The Doctor's companions all thought that was a very sly way of excusing his deliberate breaking of the rule about interference, but they refrained from comment. As they reached the TARDIS and Susan opened the door for her two human companions who were taking longingly of showers, camomile lotion for their flea bites and clean clothes The Doctor paused and looked back at the glow of the bonfire against the darkening sky.

“May your gods continue to bless you, dear children,” he whispered.

“We don’t believe in gods,” Susan reminded him.

“But they do, and that’s what matters,” The Doctor replied, reaching out his arm around her shoulder.

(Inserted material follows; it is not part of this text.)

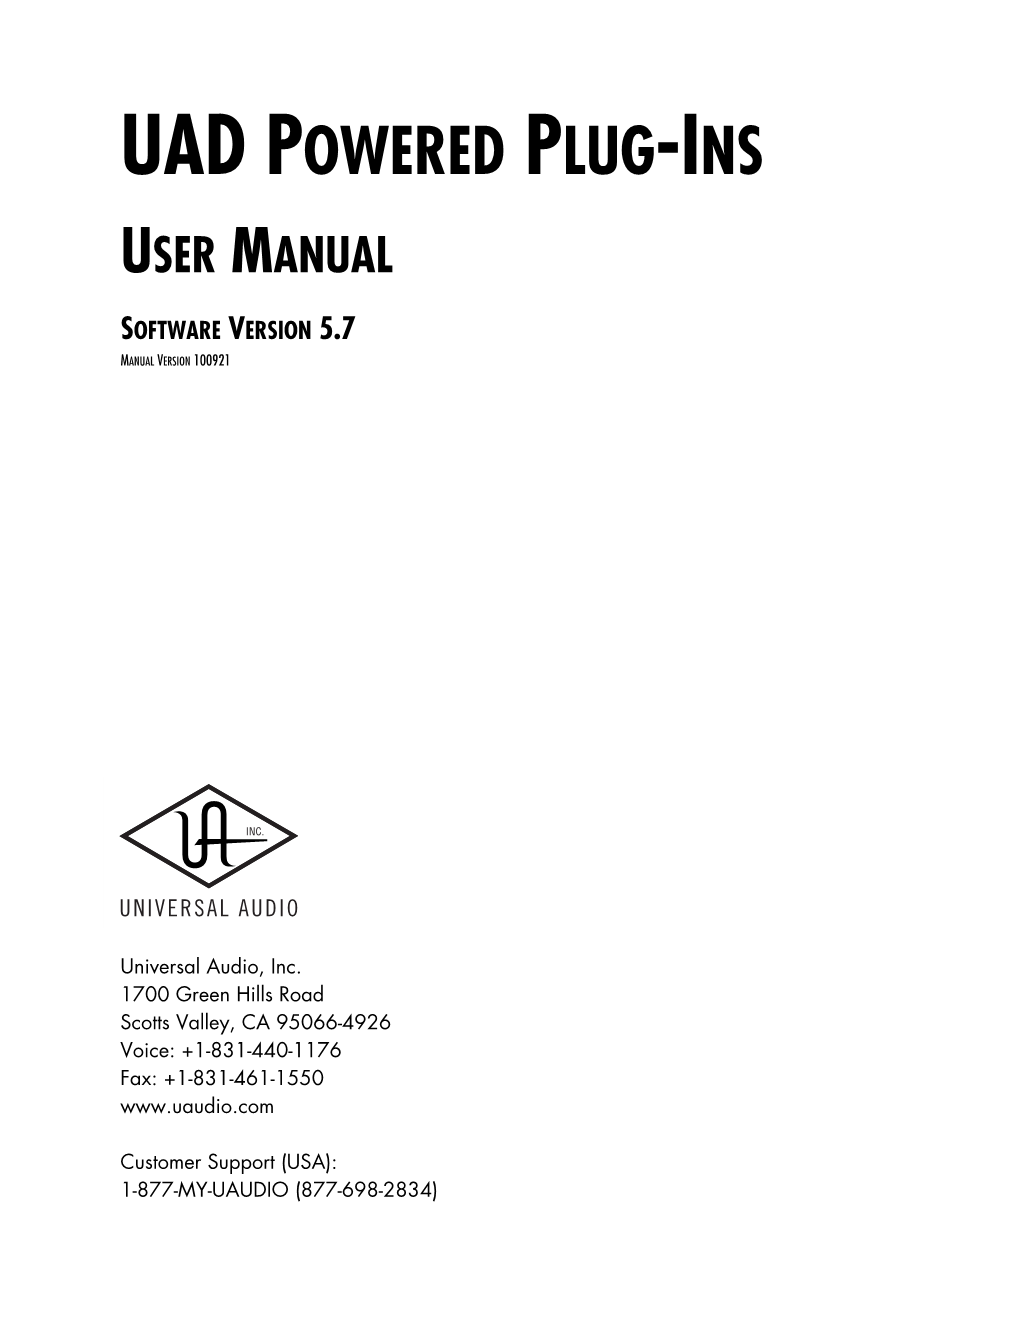 UAD Powered Plug-Ins Manual V5.7
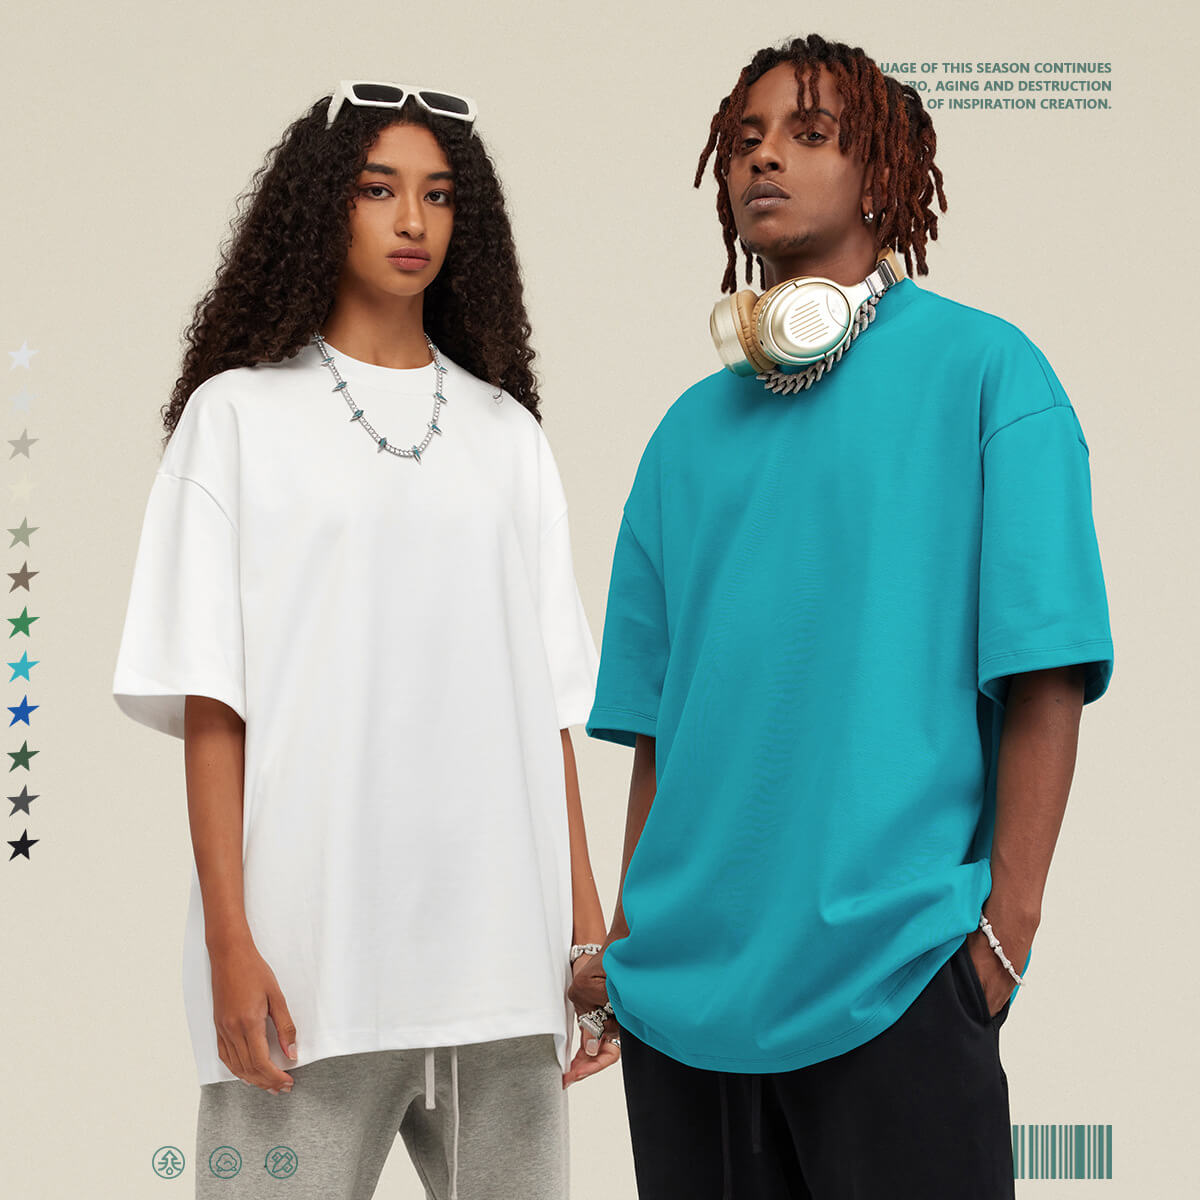 Text Logo Design Streetwear Cotton Jersey Blank Tshirt kids Drop Shoulder  Custom Loose Fit

“Grandfather… I was wondering….”

“Mmm?”

“When you predicted that Aine would have a healthy baby and a long life… did you know then that you would be the one to be there for her at the birth. And… is it possible that she or the baby COULD have died if you weren’t there… and so… your prophecy was only true because you were there to make it true? And is THAT interference in the timeline?”

“Multiple questions. A habit you have picked up from living among humans.”

“Grandfather….”

“When I looked into the future I only saw a happy future. But it IS possible that – one we arrived and became part of events in this timeline – it was inevitable that her future was dependent on my being there with the skills to bring her through the birth safely. To suggest that I deliberately….”

“Oh, I don’t care if you did or not,” Susan told her grandfather, hugging him around the neck. “I’m just glad you did. I don’t care what the Laws of Time say. I WANT you to interfere in THOSE kind of ways.”

“I shall endeavour to do as you wish,” The Doctor told her. “Come, let us be on our way, now… before somebody discovers that we’re NOT the messengers of Manannán mac Lir.”

He went inside the TARDIS. Susan followed. A moment later it dematerialised and their adventures continued in other places and other times.